The first week of February was a brutal bloodbath, exposing investors to massive losses just like Bitcoin [BTC] fell below $60,000 for the first time since 2024.
Unsurprisingly, the consensus soured market sentiment into ‘extreme fear’ index showing that all analysts have turned bearish this week. Contrarian sentiment is starting to emerge after the shaky yet relieving bounce around the $60K level.
Source: Unbias
Will $60,000 remain stable?
From a technical chart perspective, the price zone above $60,000, which aligns with the past cycle peak, could soften the correction.
A similar view was echoed by Jurrien Timmer, director of Global Macro at asset manager Fidelity. Carpenter invoiced the extended sharp decline due to BTC’s pricing in Kevin Warsh’s confirmation as the next Fed chairman.
“The markets spoke loudly last week when the next Fed chairman was announced. For Bitcoin, however, I continue to see $65,000 as an attractive entry point.”

Source: Trouw
However, gold’s outperformance may keep prices subdued. Timmer predicted that gold could maintain its lead in the market until BTC ETF inflows resume.
The ETF flow factor
According to the chart shared by Timmer, BTC ETF inflows peaked in October but then contracted.
In contrast, gold and silver ETF flows rose as investors sought refuge in metals and safe havens amid heightened macro uncertainty ahead of a new Fed presidency in May.

Source: Trouw
Yet analysts at asset manager Bitwise were still firmly bearish, warning that off-chain signals, particularly BTC ETFs, suggested the decline was far from over.
The analysts, led by Andre Dragosch, said that the market crash hasn’t caused massive ETF outflows, but resilience could still be an issue.
“Historically, sustained ETF outflows have tended to coincide with capitulation events, implying that a decisive shift in ETF flows could still serve as a crescendo moment for broader market capitulation.”
A recent AMBCrypto report found that BTC holdings by ETFs fell just 6.6% despite the +50% price crash since the end of 2025, underscoring the resilience cited by Bitwise analysts.
But will the market test this resilience?
The fear in the market decreased, but was not eliminated
At the time of writing, the insights in Options also painted a similarly cautious outlook.
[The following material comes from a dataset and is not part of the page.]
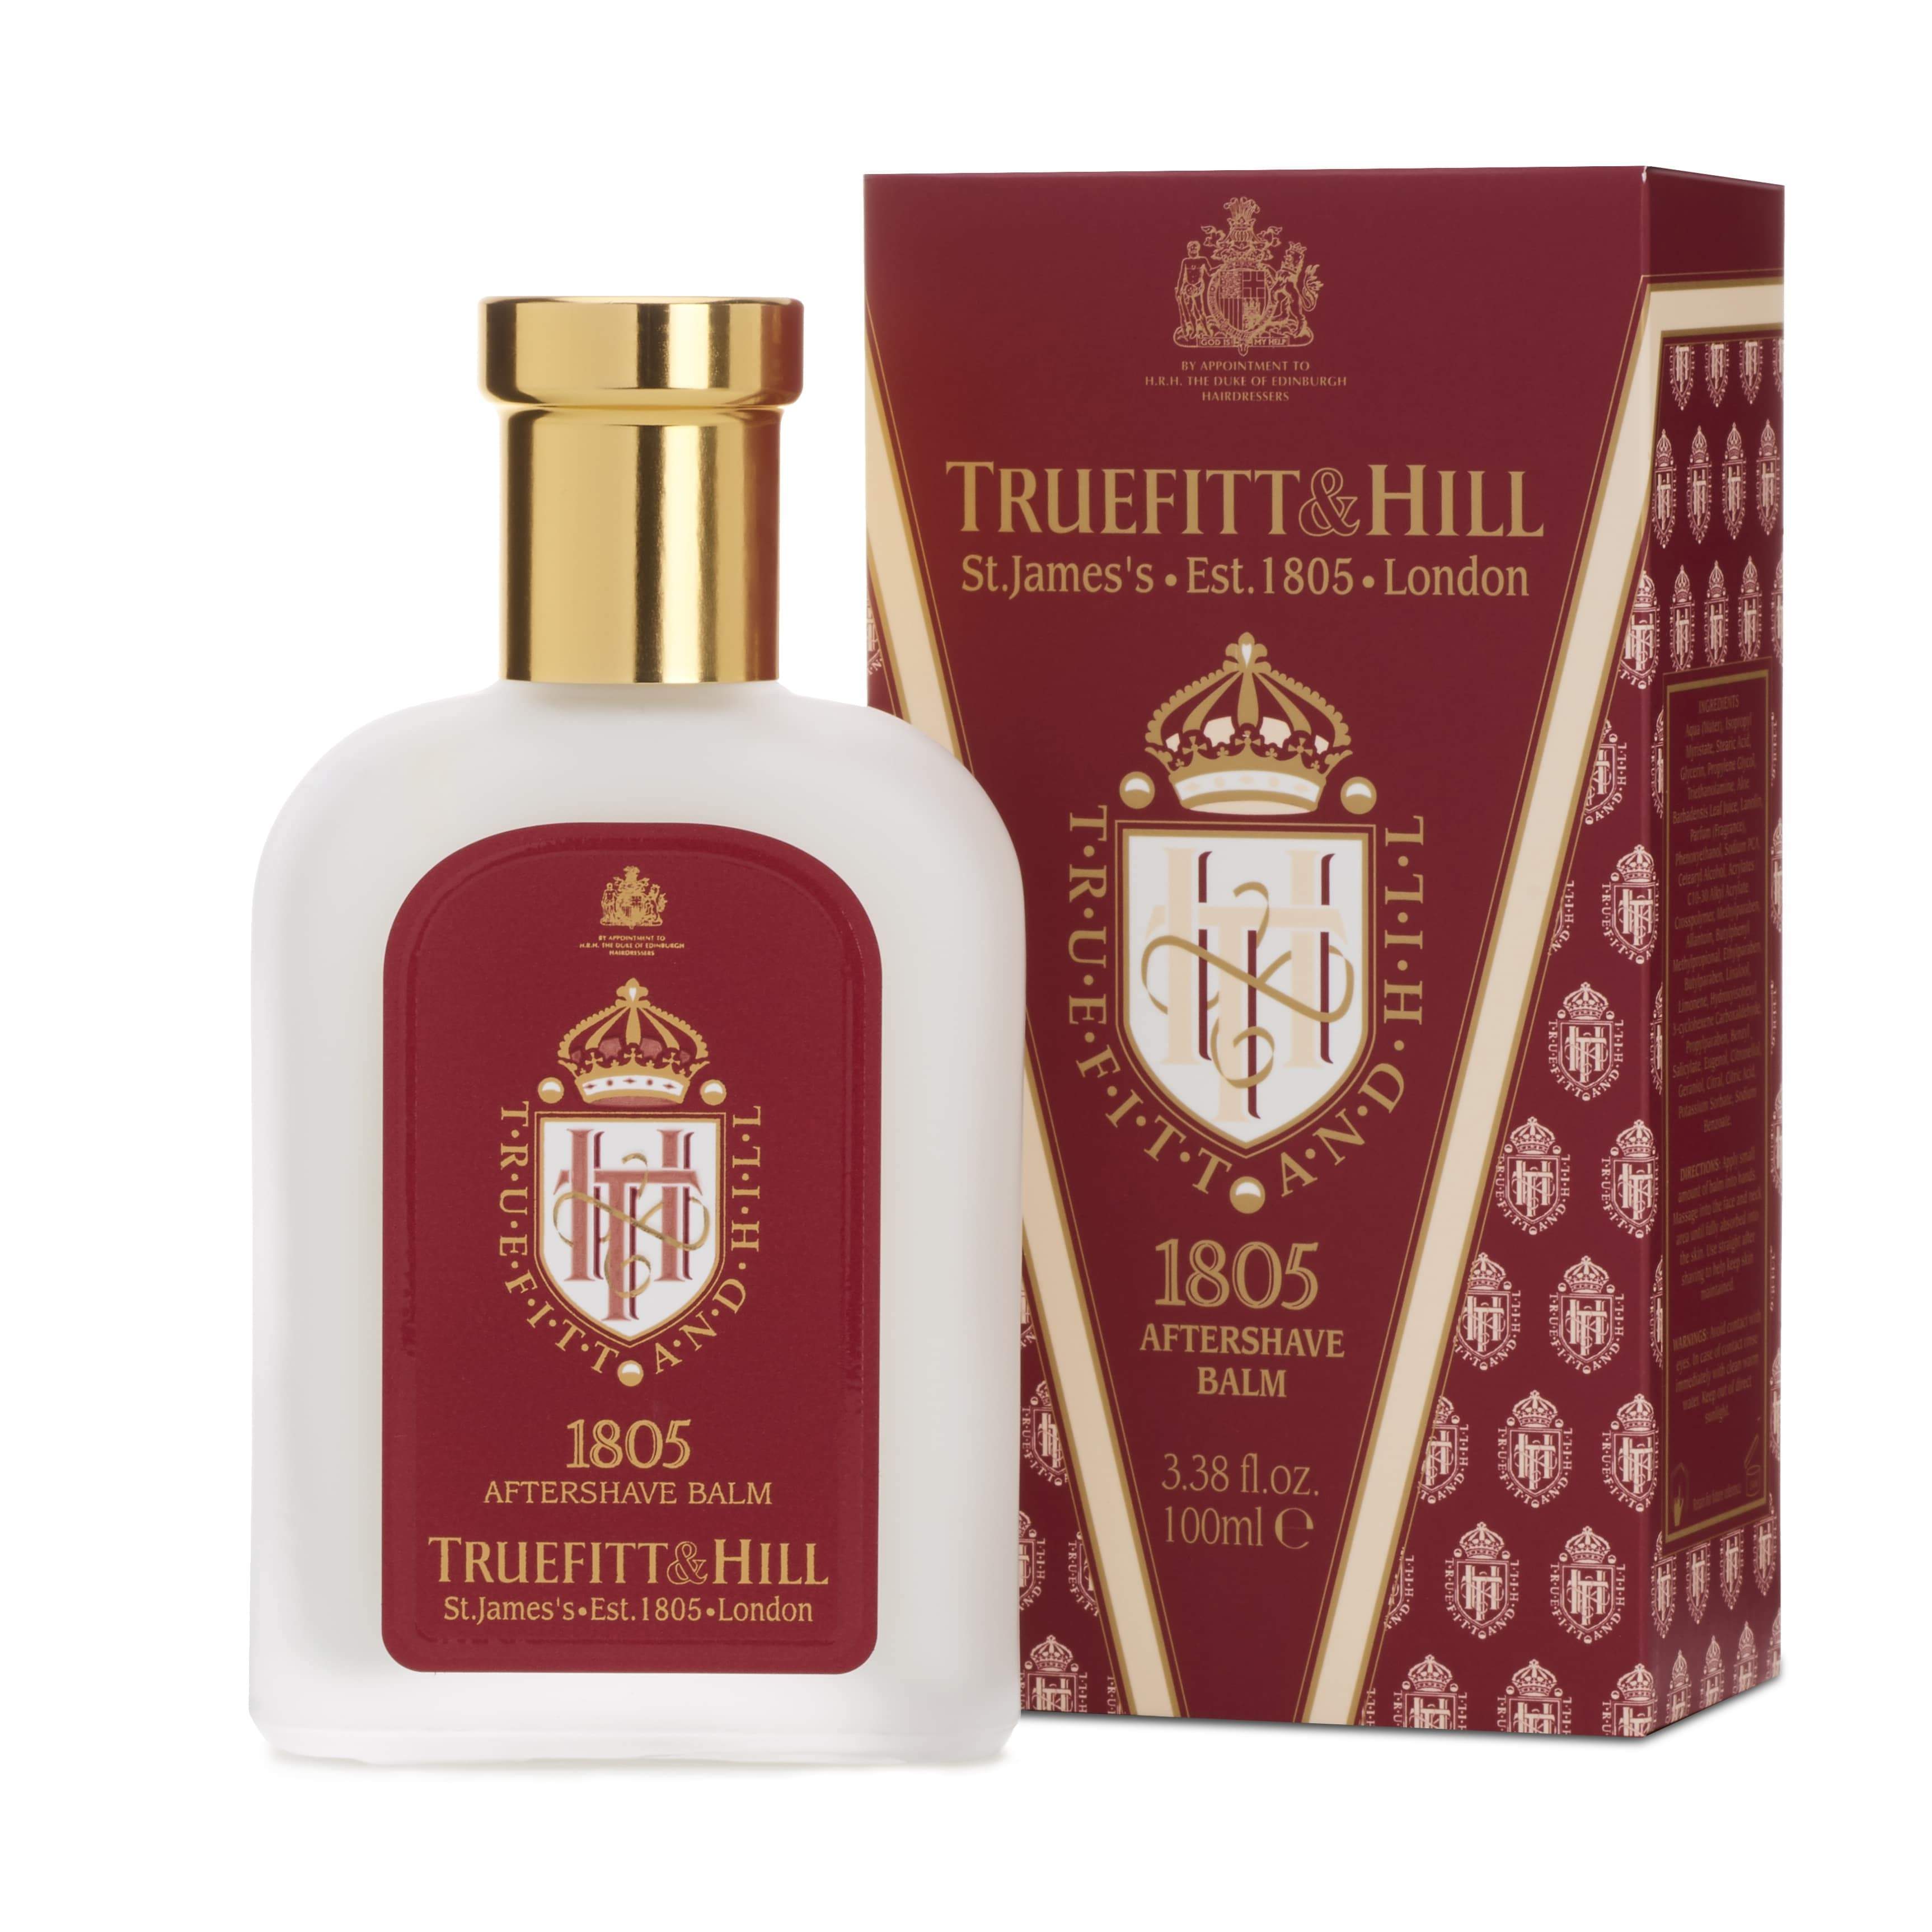 Truefitt & Hill Aftershave Balm 1805

Particularly the 25-Delta Skew climbed slightly after reaching a low of -28 in the volatility index, but remained negative.
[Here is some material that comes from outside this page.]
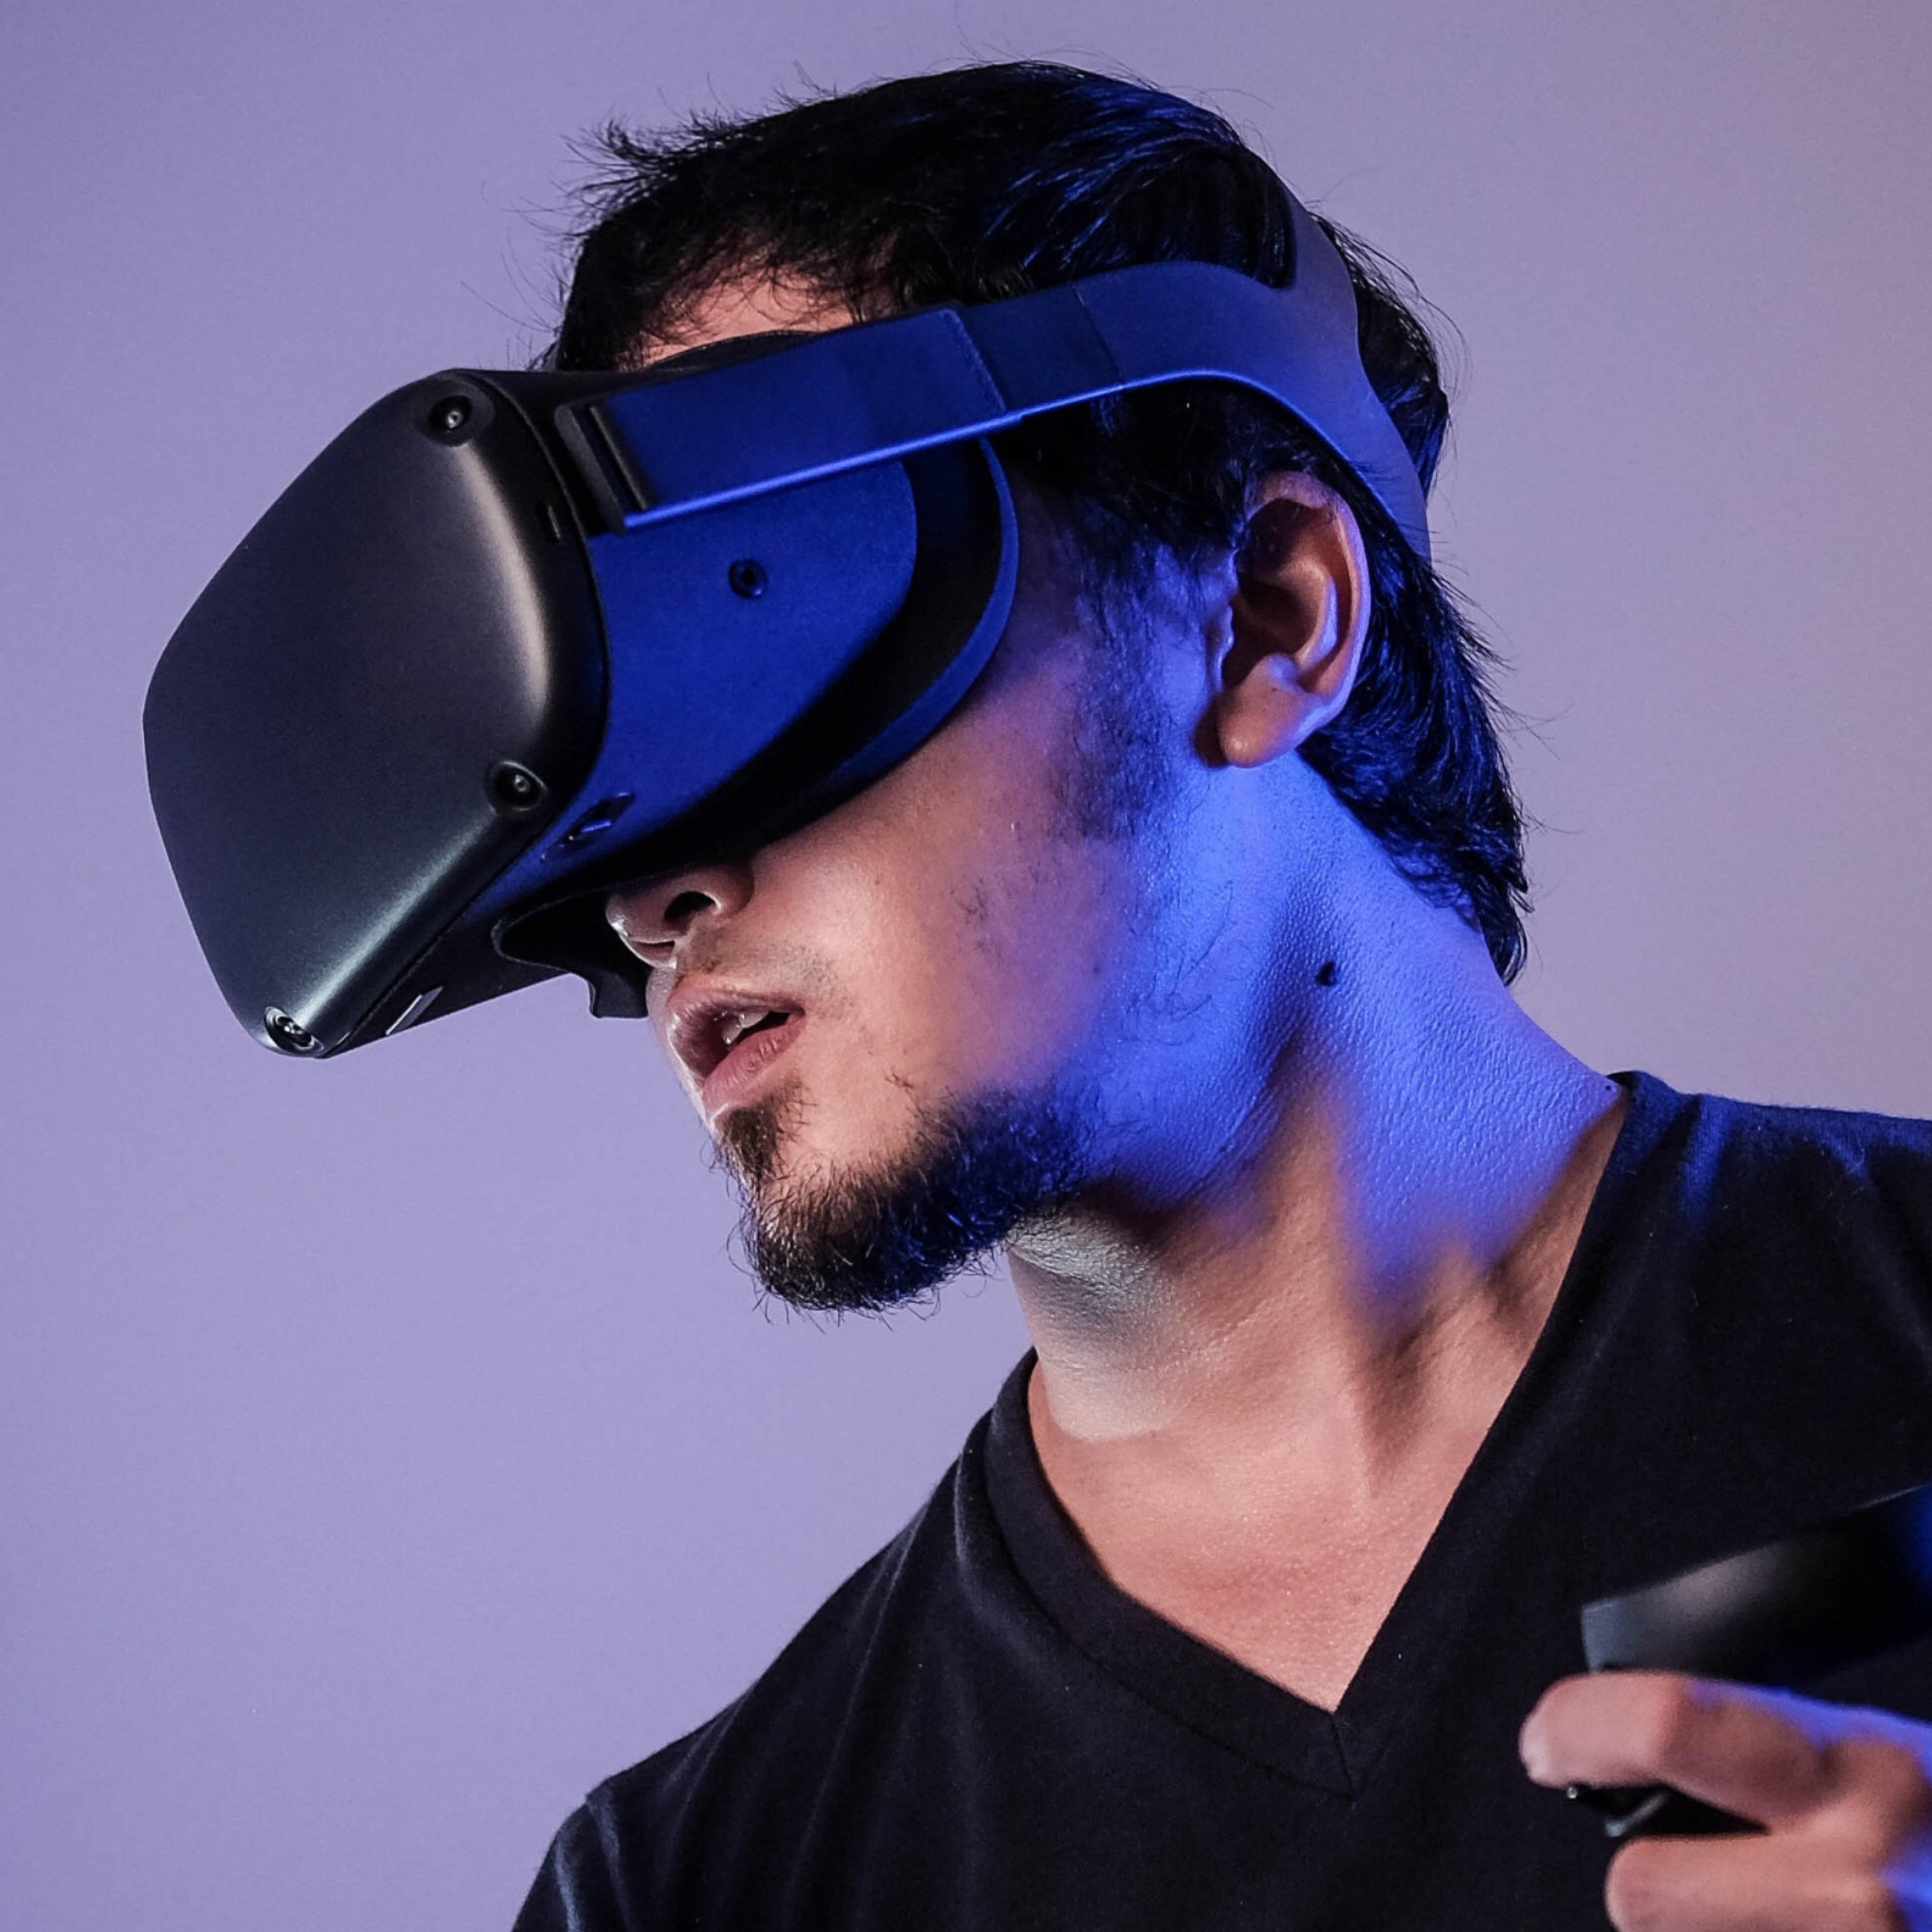 ¿Tienen futuro las terapias de salud con realidad virtual?

This meant that negative market sentiment subsided after the rebound to $60,000, but caution remained. In other words: Options players still bought more puts (bearish bets for downside protection) than calls (bullish bets).

Source: Amberdata
Final thoughts
- A Fidelity analyst viewed BTC’s sub-$60,000 levels as a great buying opportunity, citing past market correction patterns.
- However, the market remained cautious despite retesting $60,000, and continued ETF outflows could push BTC lower.